**Your goal**:
Return every line below exactly.

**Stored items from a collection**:
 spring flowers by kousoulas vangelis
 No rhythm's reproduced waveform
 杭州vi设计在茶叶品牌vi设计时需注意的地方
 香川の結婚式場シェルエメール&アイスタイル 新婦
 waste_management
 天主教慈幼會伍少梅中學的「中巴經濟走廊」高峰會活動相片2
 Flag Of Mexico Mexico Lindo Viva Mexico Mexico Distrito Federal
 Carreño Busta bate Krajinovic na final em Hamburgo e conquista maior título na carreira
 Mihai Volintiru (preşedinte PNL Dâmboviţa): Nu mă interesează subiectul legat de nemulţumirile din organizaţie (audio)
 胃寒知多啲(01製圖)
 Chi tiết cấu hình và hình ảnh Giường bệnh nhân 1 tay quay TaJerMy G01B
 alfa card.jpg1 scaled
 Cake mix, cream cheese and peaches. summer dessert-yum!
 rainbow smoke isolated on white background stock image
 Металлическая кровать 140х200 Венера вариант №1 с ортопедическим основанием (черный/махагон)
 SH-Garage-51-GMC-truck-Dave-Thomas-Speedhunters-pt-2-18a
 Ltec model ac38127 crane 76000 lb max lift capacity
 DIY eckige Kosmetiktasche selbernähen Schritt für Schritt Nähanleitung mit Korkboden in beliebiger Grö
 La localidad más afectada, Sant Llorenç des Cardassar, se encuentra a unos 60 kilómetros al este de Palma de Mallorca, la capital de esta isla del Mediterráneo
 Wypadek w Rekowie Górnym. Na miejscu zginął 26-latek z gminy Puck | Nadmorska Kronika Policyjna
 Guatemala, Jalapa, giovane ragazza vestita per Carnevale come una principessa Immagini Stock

**Output**:
 spring flowers by kousoulas vangelis
 No rhythm's reproduced waveform
 杭州vi设计在茶叶品牌vi设计时需注意的地方
 香川の結婚式場シェルエメール&アイスタイル 新婦
 waste_management
 天主教慈幼會伍少梅中學的「中巴經濟走廊」高峰會活動相片2
 Flag Of Mexico Mexico Lindo Viva Mexico Mexico Distrito Federal
 Carreño Busta bate Krajinovic na final em Hamburgo e conquista maior título na carreira
 Mihai Volintiru (preşedinte PNL Dâmboviţa): Nu mă interesează subiectul legat de nemulţumirile din organizaţie (audio)
 胃寒知多啲(01製圖)
 Chi tiết cấu hình và hình ảnh Giường bệnh nhân 1 tay quay TaJerMy G01B
 alfa card.jpg1 scaled
 Cake mix, cream cheese and peaches. summer dessert-yum!
 rainbow smoke isolated on white background stock image
 Металлическая кровать 140х200 Венера вариант №1 с ортопедическим основанием (черный/махагон)
 SH-Garage-51-GMC-truck-Dave-Thomas-Speedhunters-pt-2-18a
 Ltec model ac38127 crane 76000 lb max lift capacity
 DIY eckige Kosmetiktasche selbernähen Schritt für Schritt Nähanleitung mit Korkboden in beliebiger Grö
 La localidad más afectada, Sant Llorenç des Cardassar, se encuentra a unos 60 kilómetros al este de Palma de Mallorca, la capital de esta isla del Mediterráneo
 Wypadek w Rekowie Górnym. Na miejscu zginął 26-latek z gminy Puck | Nadmorska Kronika Policyjna
 Guatemala, Jalapa, giovane ragazza vestita per Carnevale come una principessa Immagini Stock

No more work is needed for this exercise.